Es en estas circunstancias, entonces, donde su postura disidente adquiere toda su dimensión. Una postura inconformista que, tras vincularla con la de Ralph Waldo Emerson y Walt Whitman, ha sido llamada individualidad democrática (aunque quizá habría que decir ética o libertaria), y a la que se caracteriza como una individualidad negativa, dispuesta a desafiar las convenciones absurdas y desobedecer las leyes arbitrarias («¿qué supone ser libres respecto al rey George y seguir siendo esclavos del rey Prejuicio?»), positiva, empeñada en un camino de crecimiento intelectual, de experimentación personal, de autodesarrollo interior («hazte experto en cosmografía propia»), y transpersonal, solidaria y preocupada por ir más allá de un mezquino egoísmo o una hueca filantropía («si he arrebatado injustamente una tabla a un náufrago, debo devolvérsela aunque yo mismo me ahogue»)[7]. Esto es, una postura que, evidentemente, desea un cambio social y cultural del mundo en que vivimos, pero que exige una reforma moral de nosotros mismos, de nuestro propio yo interior, antes que nada. «El destino de un país —escribió— no depende de cómo se vote en las elecciones, el peor hombre vale tanto como el mejor en este juego; no depende de la papeleta que introduzcas en las urnas de vez en cuando, sino del hombre que echas de tu cuarto a la calle cada mañana».
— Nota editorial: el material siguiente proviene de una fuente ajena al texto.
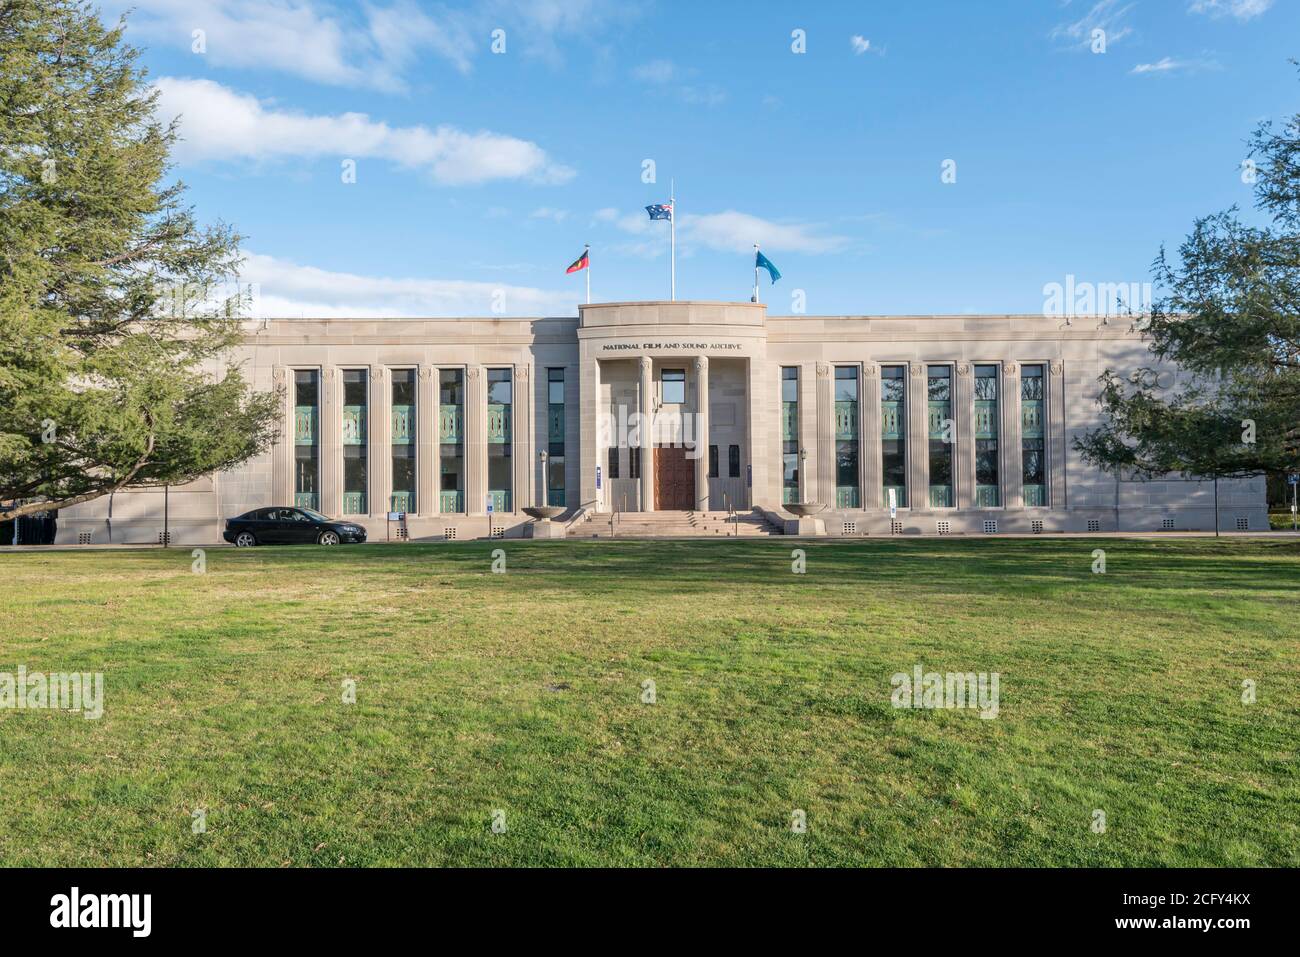 The National Film and Sound Archive (formerly Australian Institute of Anatomy 1930-84) in Canberra, Australian Capital Territory, Australia Stock Photo

Al respecto conviene notar que lo peculiar de la reforma que él demanda no gira tanto sobre la tradición del antiguo comunitarismo republicano como sobre el contenido sustantivo de la idea de libertad negativa tan afín a sus contemporáneos. En suma, esa es su queja cuando afirma que «en nuestros días los hombres llevan una gorra de estúpido y la llaman una gorra de libertad», o su lamento tras observar que la mayoría de ellos posponen su vida a algunos negocios triviales mientras «piensan estúpidamente que pueden abusar de ella y malgastarla como les plazca y cuando consigan el paraíso dar la vuelta a una nueva página». Todo lo que tienen es tan sólo lo que han comprado. La disidencia de Thoreau, por ello, no se limita únicamente a no cooperar con un gobierno que perpetúa la esclavitud y declara la guerra a México. Más profundo y de mayor alcance es el rechazo radical a esa cuestionable libertad de vender, comprar y consumir que, bajo el espejismo de la adquisición de riquezas superfluas, corrompe y encadena a los seres humanos a su propia codicia, les transforma en «herramientas de sus herramientas», en esclavos de su ansia compulsiva de fortuna, como los buscadores de oro —«el gran desastre de la humanidad»—, o como quienes especulan mientras pierden en la transacción lo mejor de sus personas. «He aprendido —leemos en Walden— que el comercio maldice todas las cosas que toca; y aunque comerciéis con mensajes del cielo, la maldición de aquél acompañará el negocio». Y es que, añade más adelante, «no hace falta dinero para comprar lo que necesita el alma».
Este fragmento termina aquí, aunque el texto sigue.